Kittani denies reports that Kurds were sent to predominantly Arab parts of Iraq. ``The statement by the government is very clear that they have a choice of where they want to live - whether, for example, in Arbil or in Sulaymaniyah.''
``The propaganda in London,'' Kittani says, referring to a June account in The Guardian, ``was that they were going to let loose thousands in the desert, which is not the truth.''
`` And besides, by sending 200,000 to the desert, what are they going to do with the other 3 million?'' Kittani asks, using the Guardian estimate of the number of Kurds to be moved. ``They did send some who came back from Iran ... in 1975 down south. But that was a horrible mistake.''
``We are moving the Kurds from border villages to cities within the Kurdish region, not to Arab areas,'' Mukhtar says. ``In fact, we are preserving the national features of the two distinct areas. There is no Arabization going on,'' he insists. There are 3.2 million to 4 million Kurds in Iraq, a mostly Arab country of 16 million inhabitants. A Kurdish population of 20 million is spread across Iraq, Turkey, Iran, Syria, and the Soviet Union.

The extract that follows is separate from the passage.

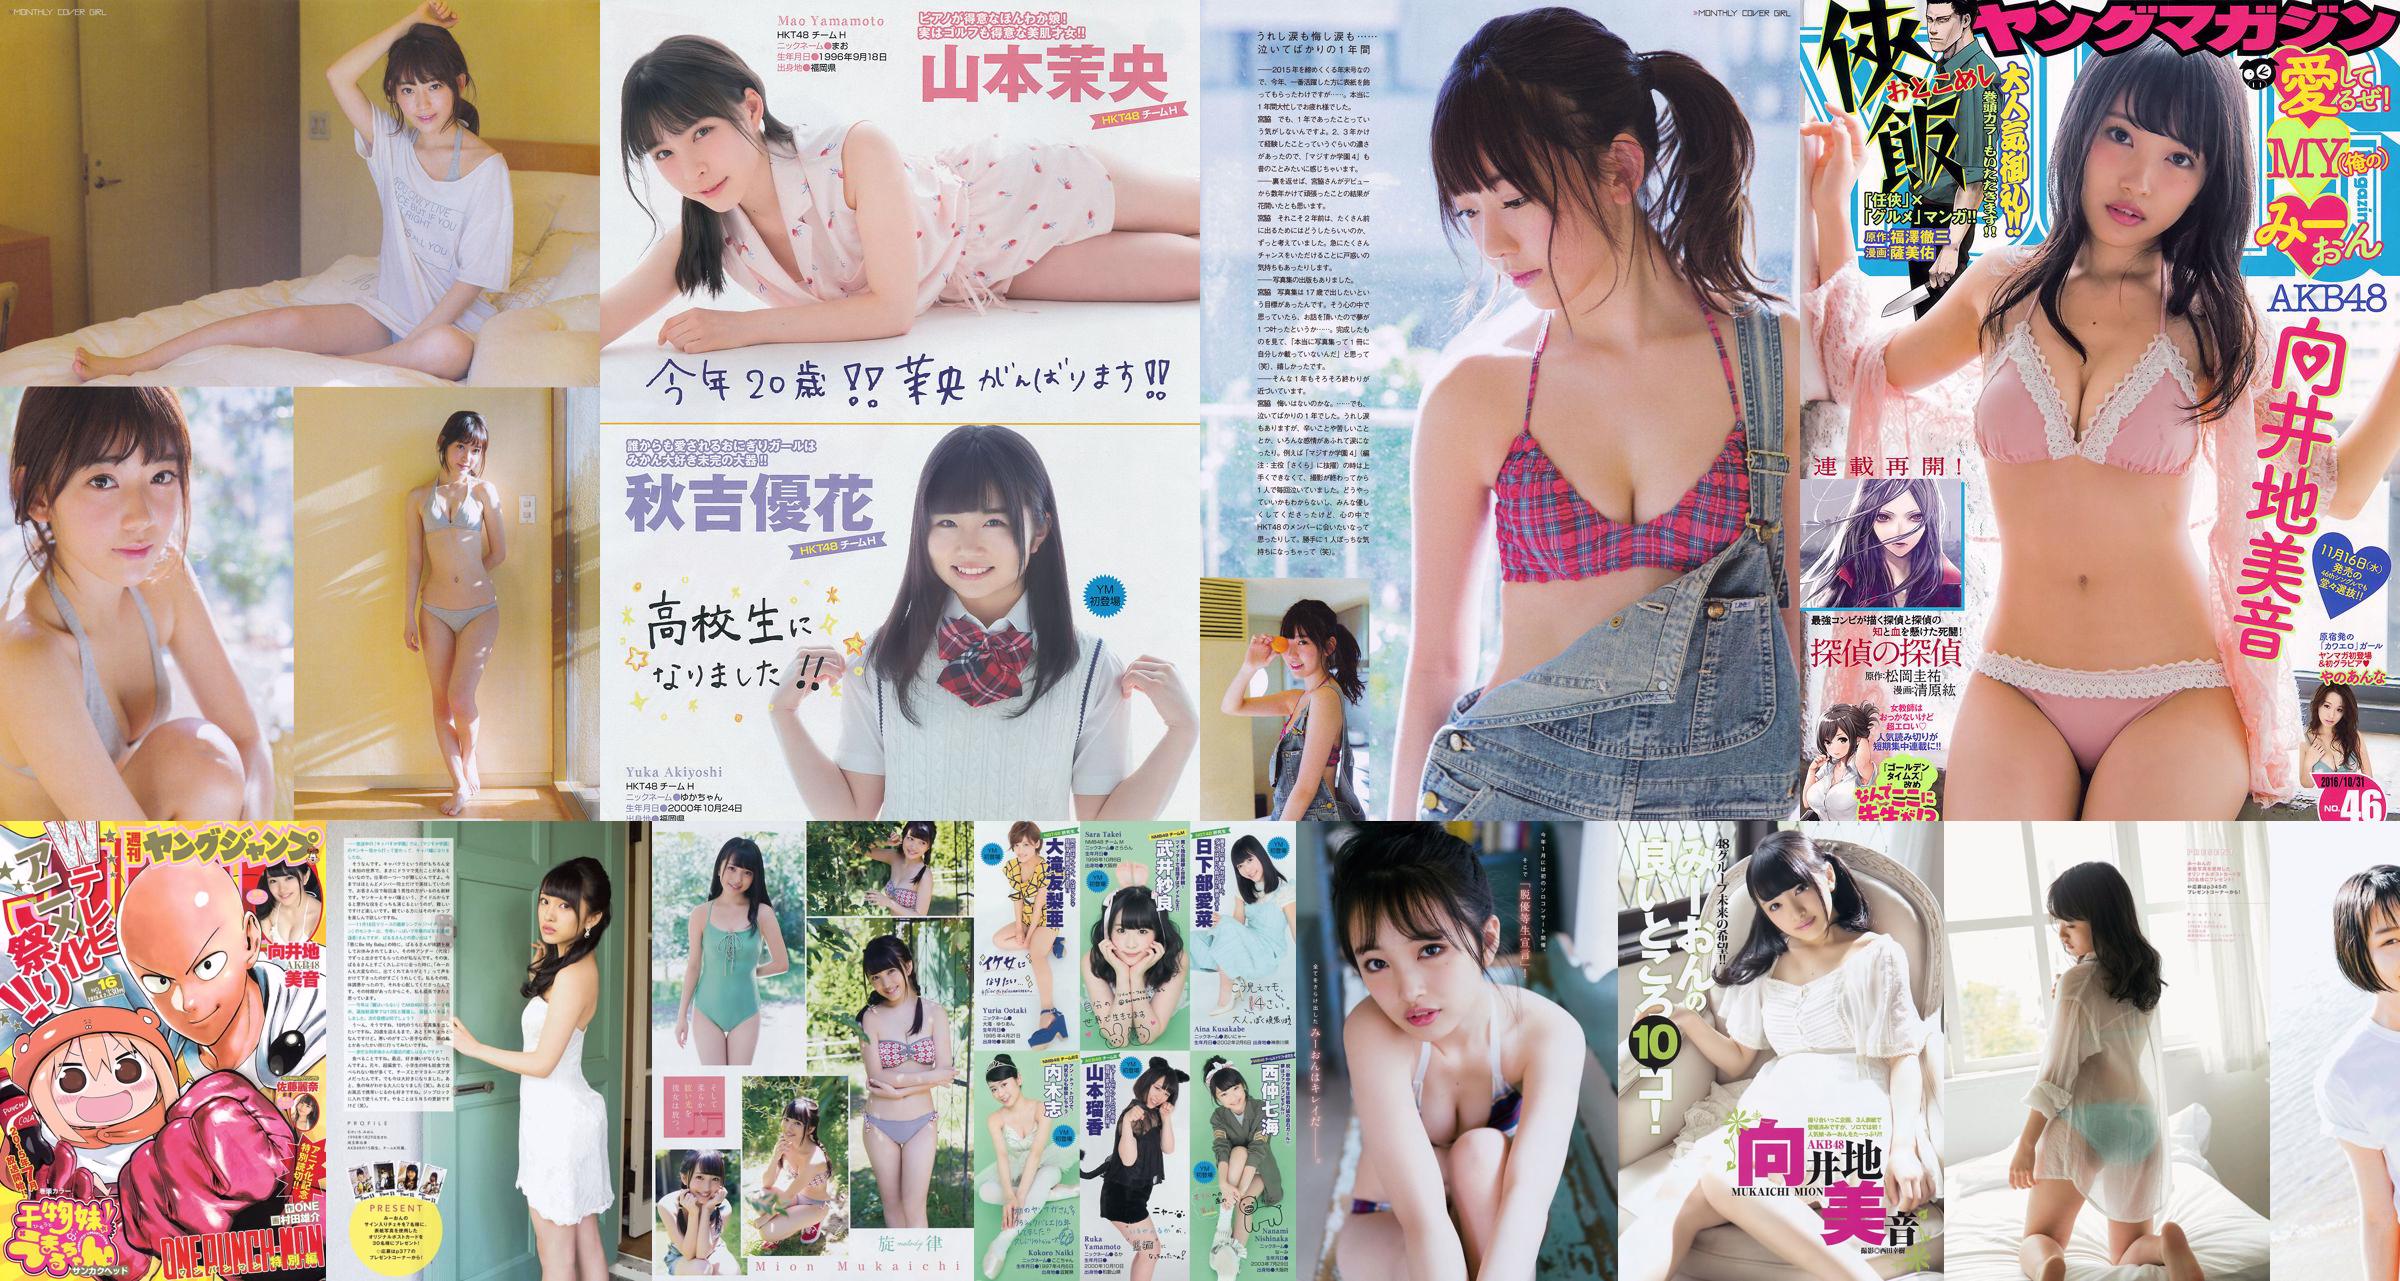 [Young Magazine] Mion Mukaichi Anna Yano 2016 Photographie n ° 46 No.f41452 Page 4

A Western diplomat who met with relocated Kurds says he found them isolated in barren land, but within the Kurdish Autonomous Region created by Baghdad in northeast Iraq in 1974. He reports that the Kurds complained that they were not permitted to take their livestock with them. And even if they had their herds, the diplomat says they told him, their new-found land proved unsuitable for grazing. They cannot find work outside their traditional livelihood, as there is no industry or business nearby in which to find employment, the diplomat says.
Mukhtar defends Iraq's treatment of its Kurds, and charges that Kurds fare worse elsewhere. ``Iraqi Kurds are the only Kurds in the world who enjoy the privilege of autonomy, the rights of using their own language, practicing their own customs and national life, including constitutional recognition that they are the second nationality in Iraq.... They have a local government and local parliament elected directly by the citizens and they have their participation in the Iraqi National Assembly in Baghdad.''
However, Western diplomats say that Baghdad controls the Kurdish press and influences which candidates run for the 50-member legislative council and 30-member executive council. Baghdad is inviting journalists to visit the north during the Kurdish National Assembly's Legislative Council elections Sept. 9.
In Baghdad, Kurdish life is well within the public view, but it is ``official,'' a Western diplomat insists. It consists of Kurds who are loyal to the Iraqi government and eager to praise it.
One such ``loyalist,'' a poolside fixture at Baghdad's posh Al-Rasheed hotel, presents himself unsolicited to a Western journalist and announces, ``I am a Kurd.'' He then awaits questions.